WHAT YOU SHOULD DO: Entries below include pictures. Output exactly the lines from the one with "Monster High WYDOWNA" down to the one with "Headwear Only NY", both ends included, and leave the pictures out.

GIVEN RECORDS:
▽

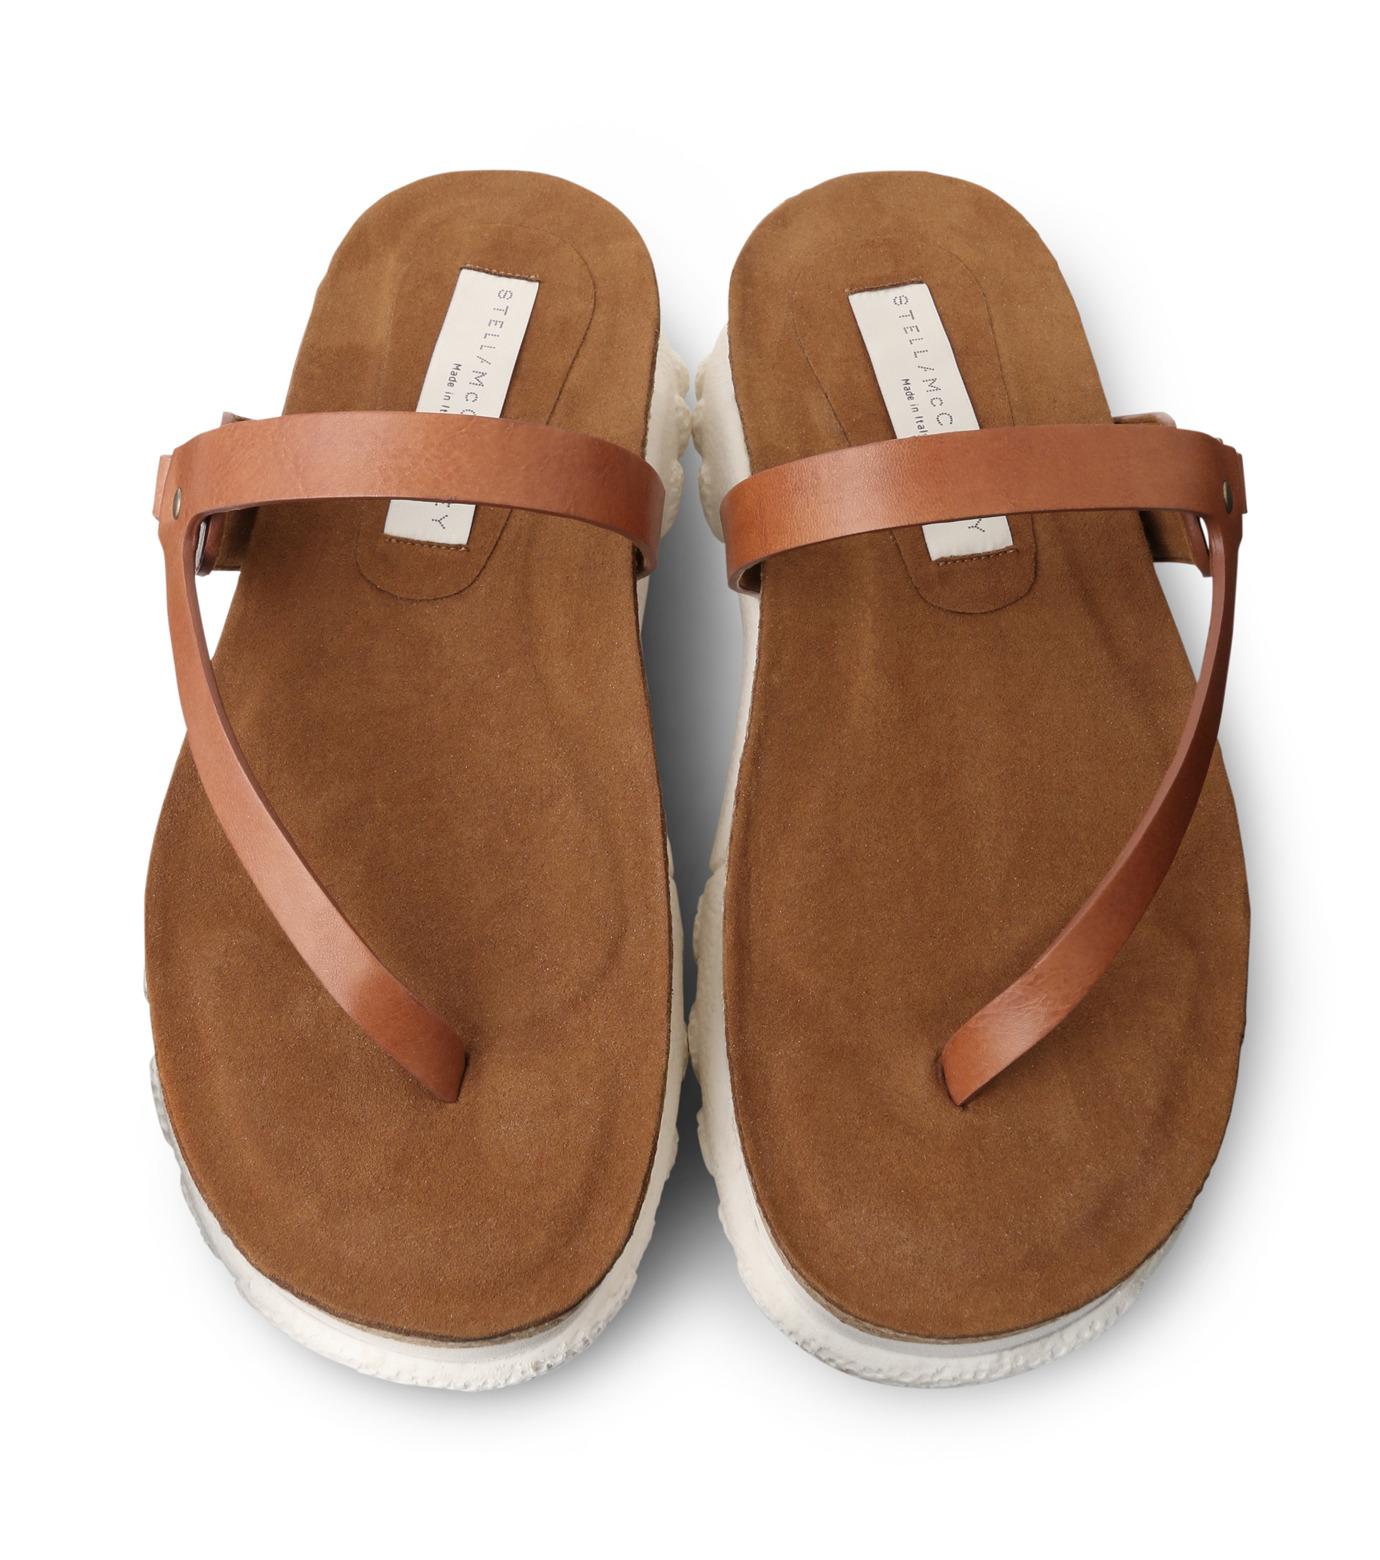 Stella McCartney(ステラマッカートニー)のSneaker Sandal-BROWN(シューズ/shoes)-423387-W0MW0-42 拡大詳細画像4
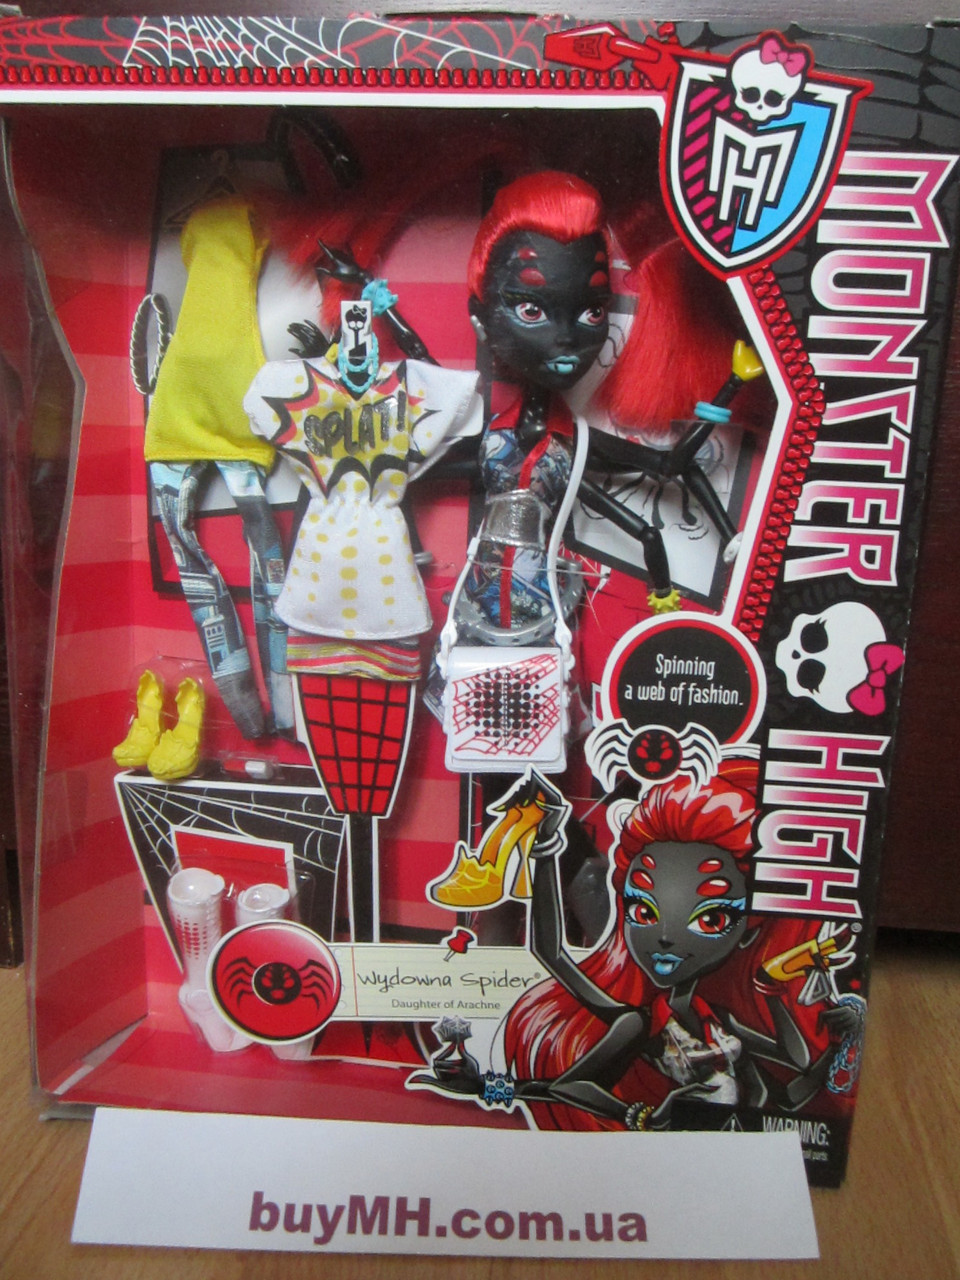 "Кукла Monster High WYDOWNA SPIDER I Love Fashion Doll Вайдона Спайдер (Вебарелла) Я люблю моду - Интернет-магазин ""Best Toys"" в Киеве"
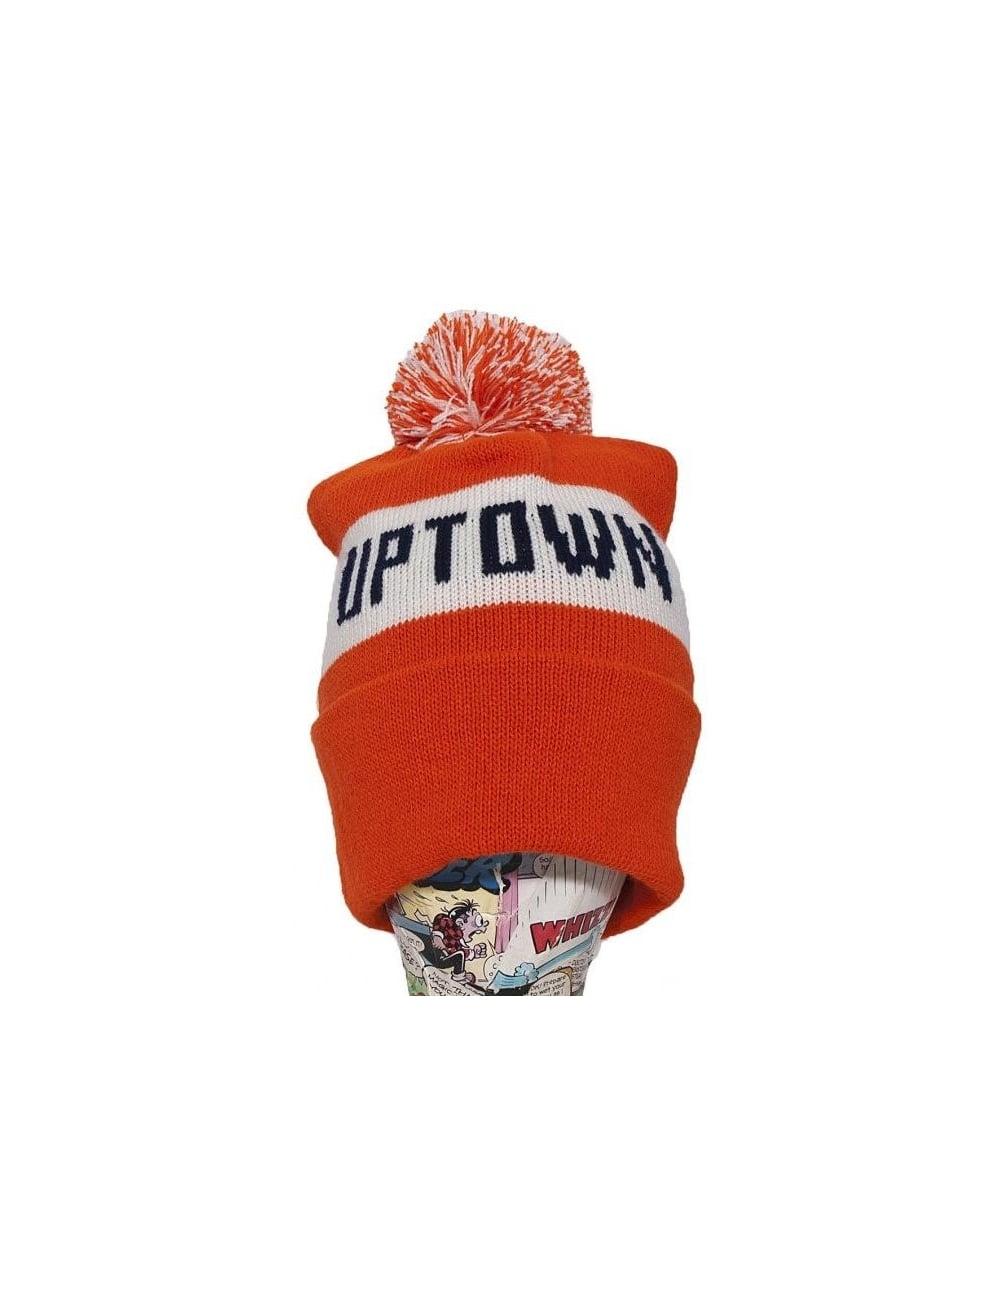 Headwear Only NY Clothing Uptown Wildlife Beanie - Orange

△
▽

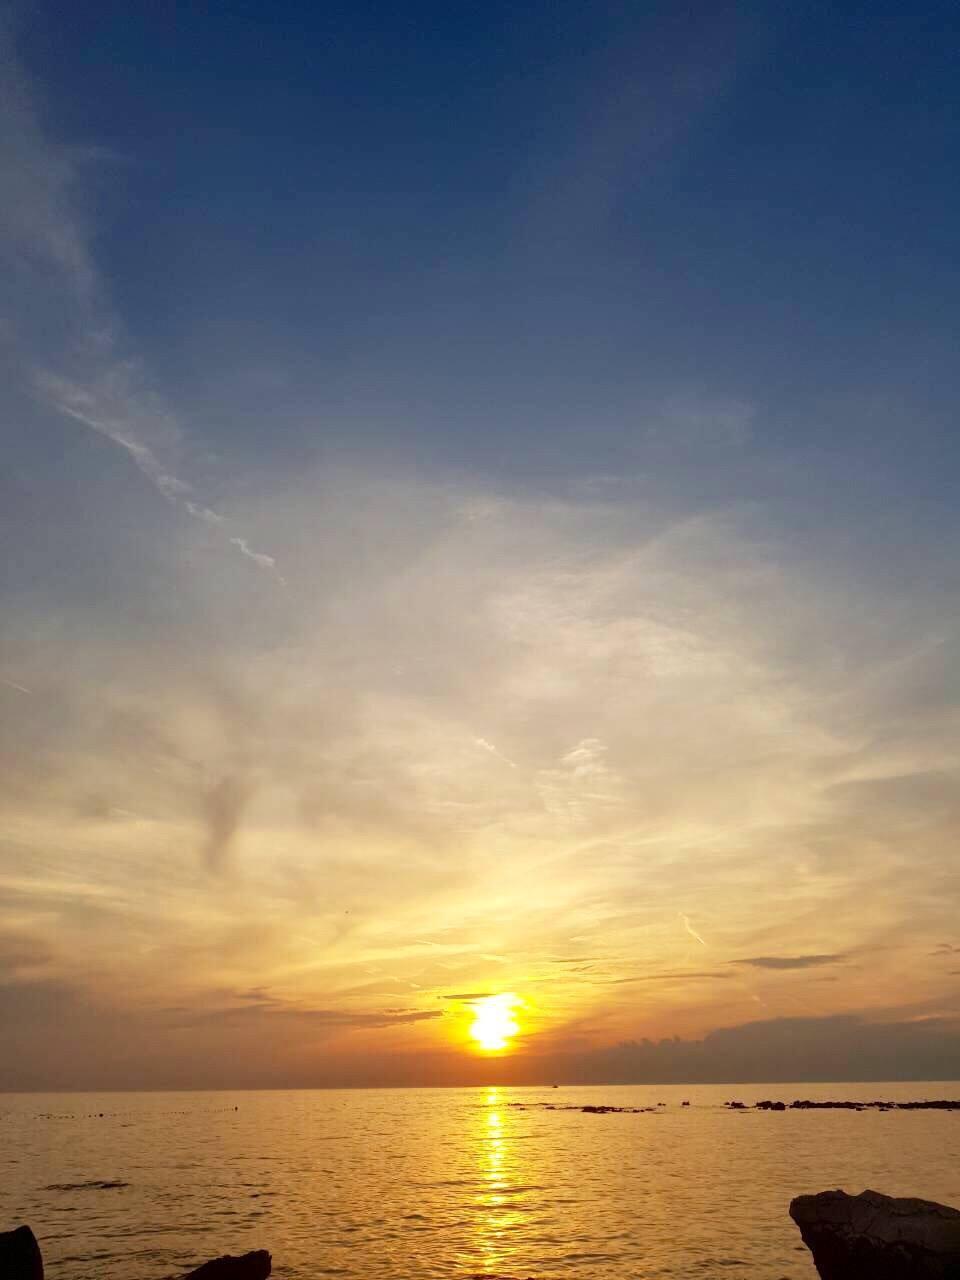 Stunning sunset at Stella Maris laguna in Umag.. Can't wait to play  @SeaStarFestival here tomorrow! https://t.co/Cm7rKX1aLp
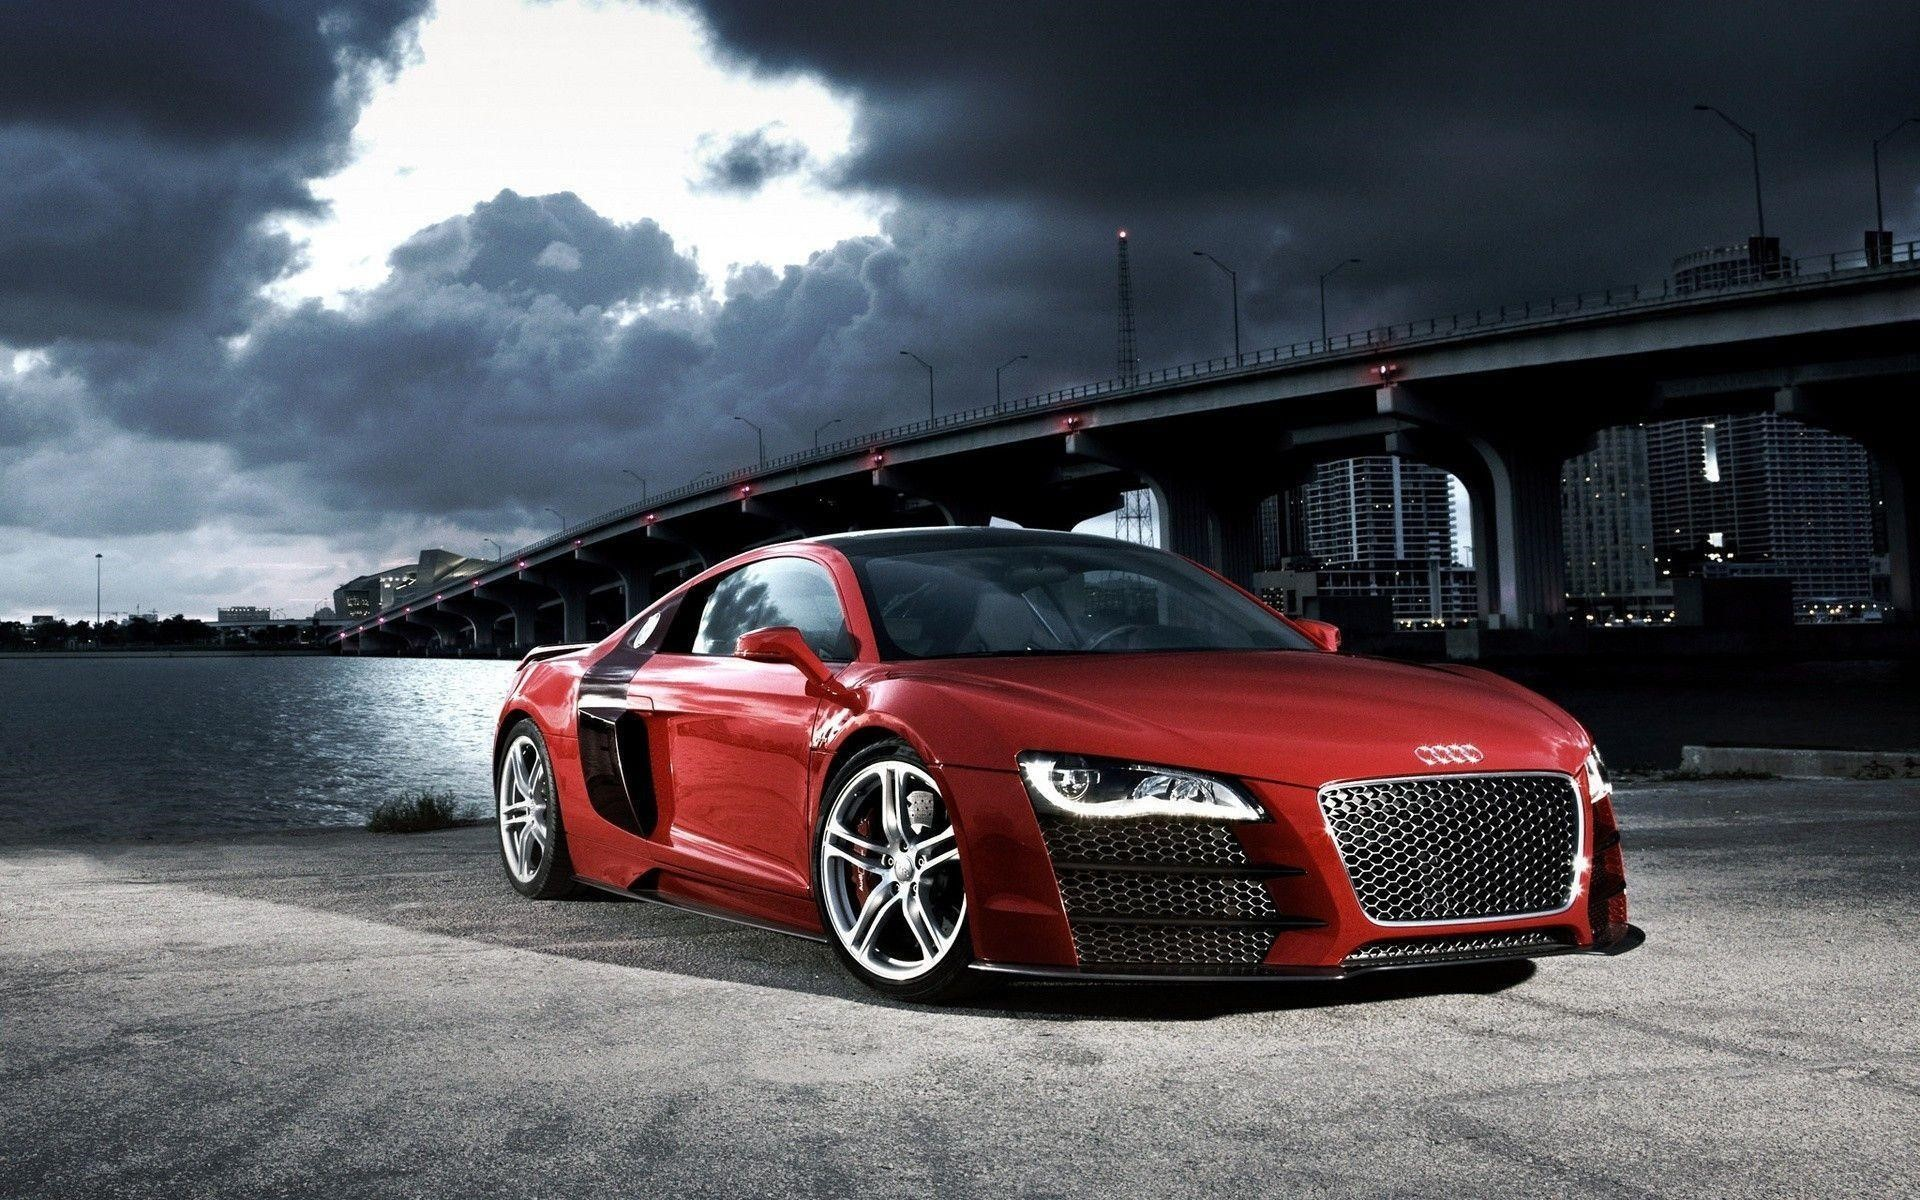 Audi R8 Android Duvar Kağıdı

△

PROBLEM SOLUTION:
 "Кукла Monster High WYDOWNA SPIDER I Love Fashion Doll Вайдона Спайдер (Вебарелла) Я люблю моду - Интернет-магазин ""Best Toys"" в Киеве"
 Headwear Only NY Clothing Uptown Wildlife Beanie - Orange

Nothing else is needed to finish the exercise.